Exercise brief: Apart from the pictures, print the data below exactly as given.

Source data:
>>>
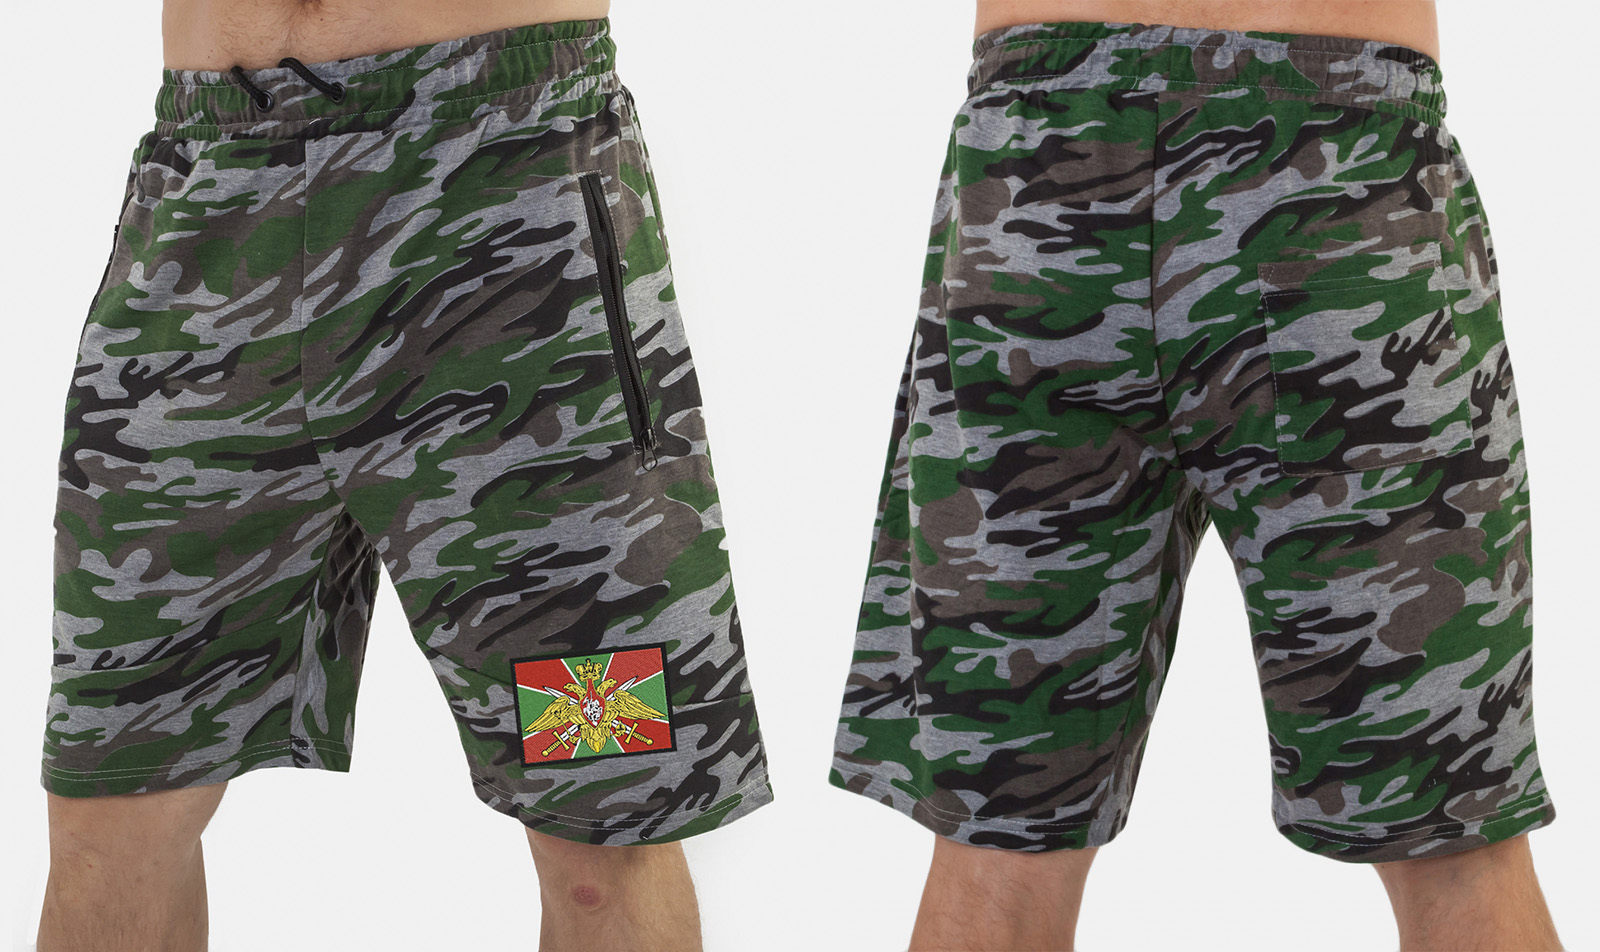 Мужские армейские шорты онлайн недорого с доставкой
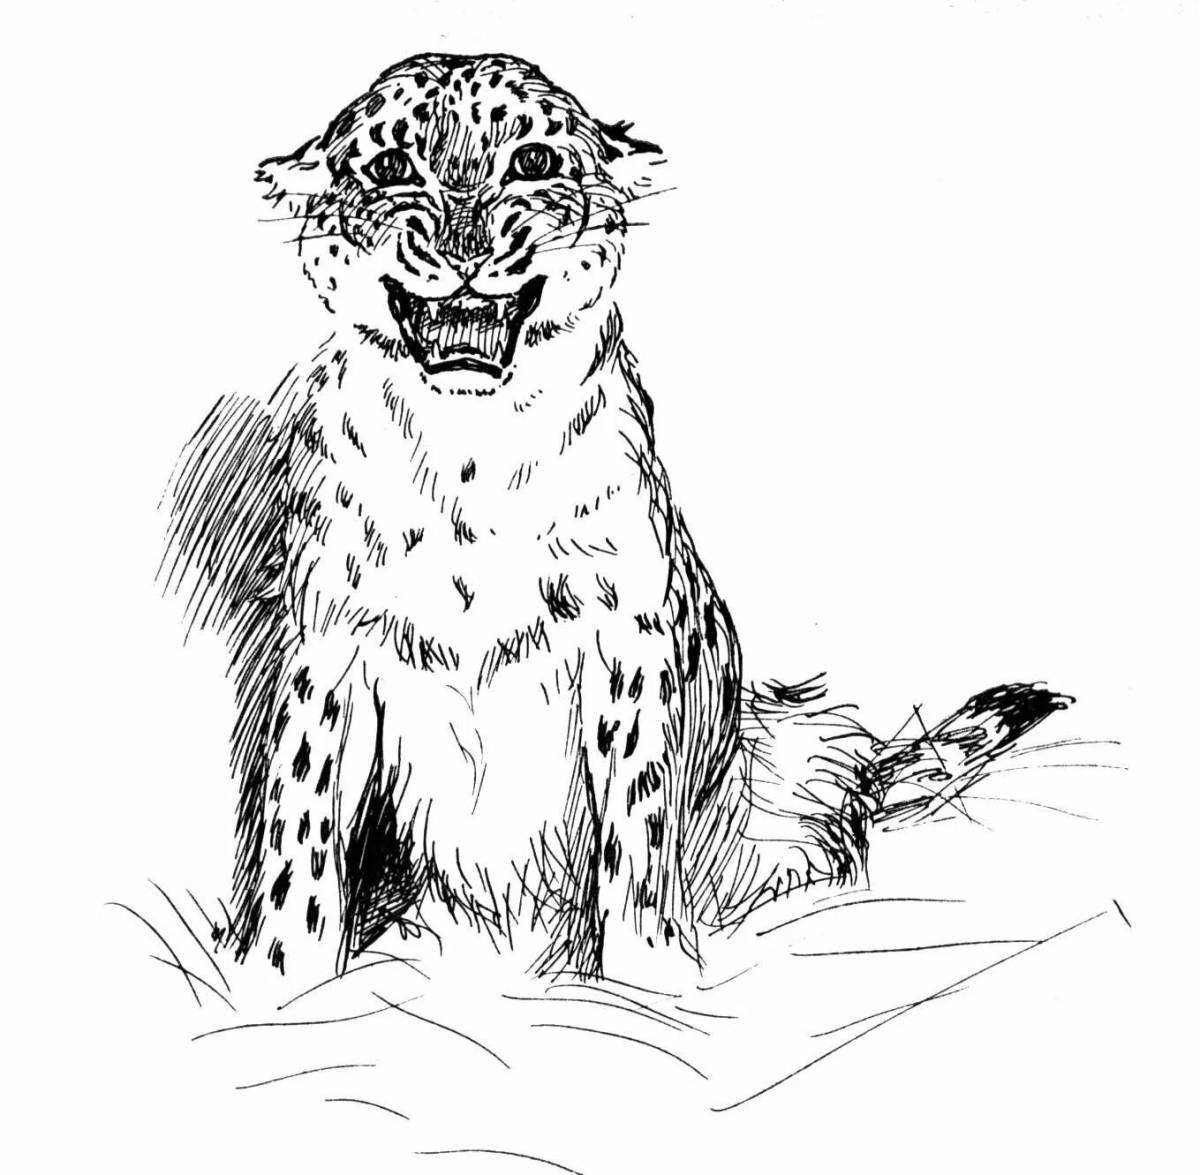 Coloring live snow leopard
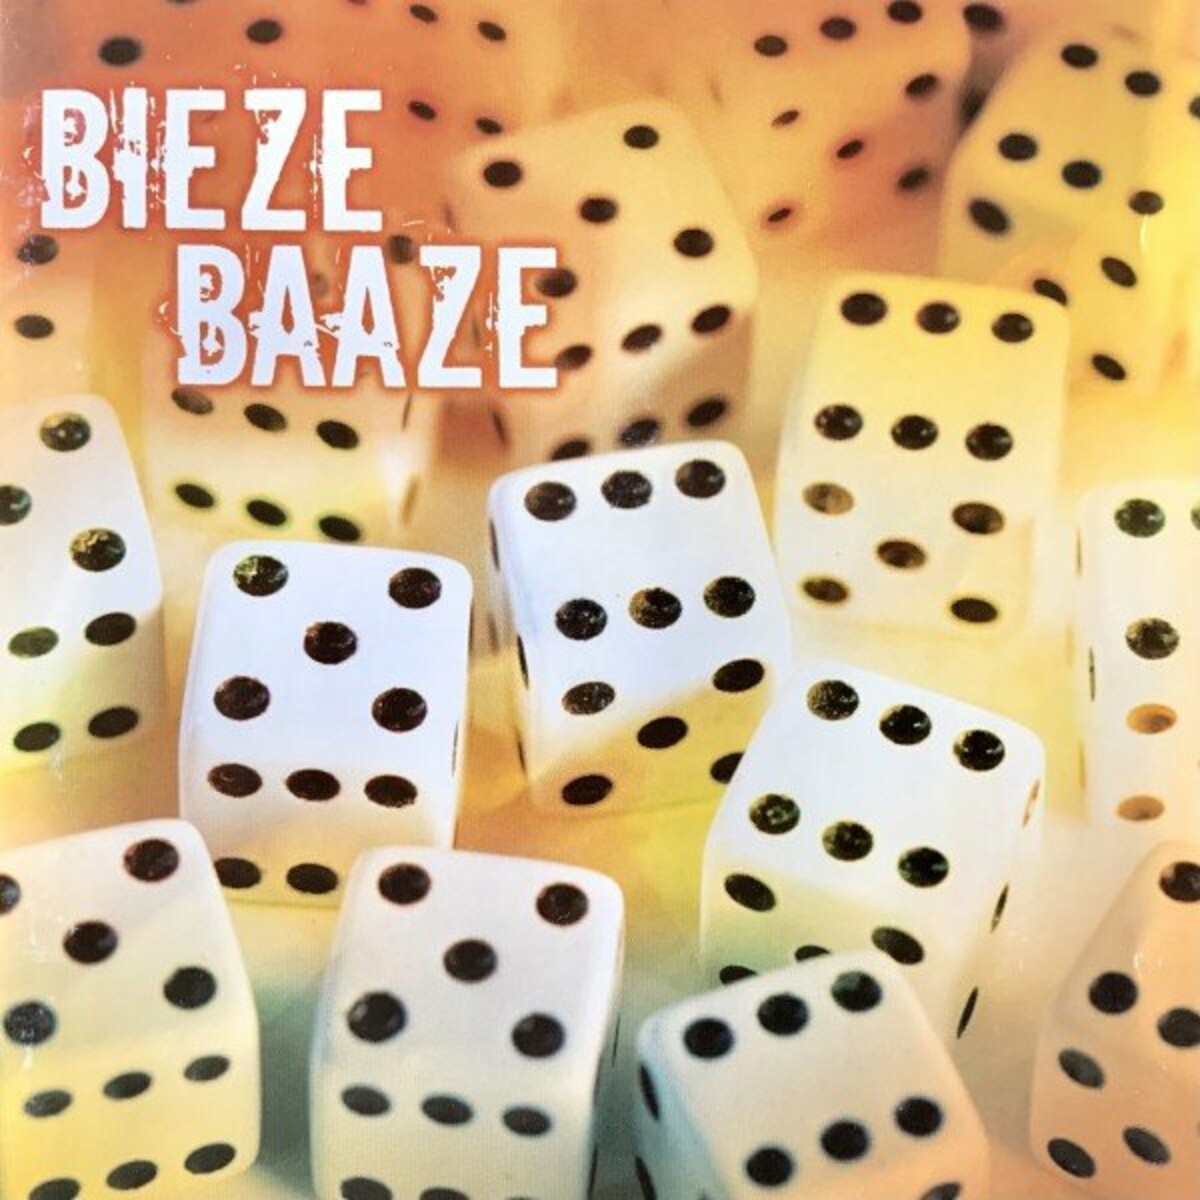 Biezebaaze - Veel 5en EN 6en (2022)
<<<
Final answer:
 Мужские армейские шорты онлайн недорого с доставкой
 Coloring live snow leopard
 Biezebaaze - Veel 5en EN 6en (2022)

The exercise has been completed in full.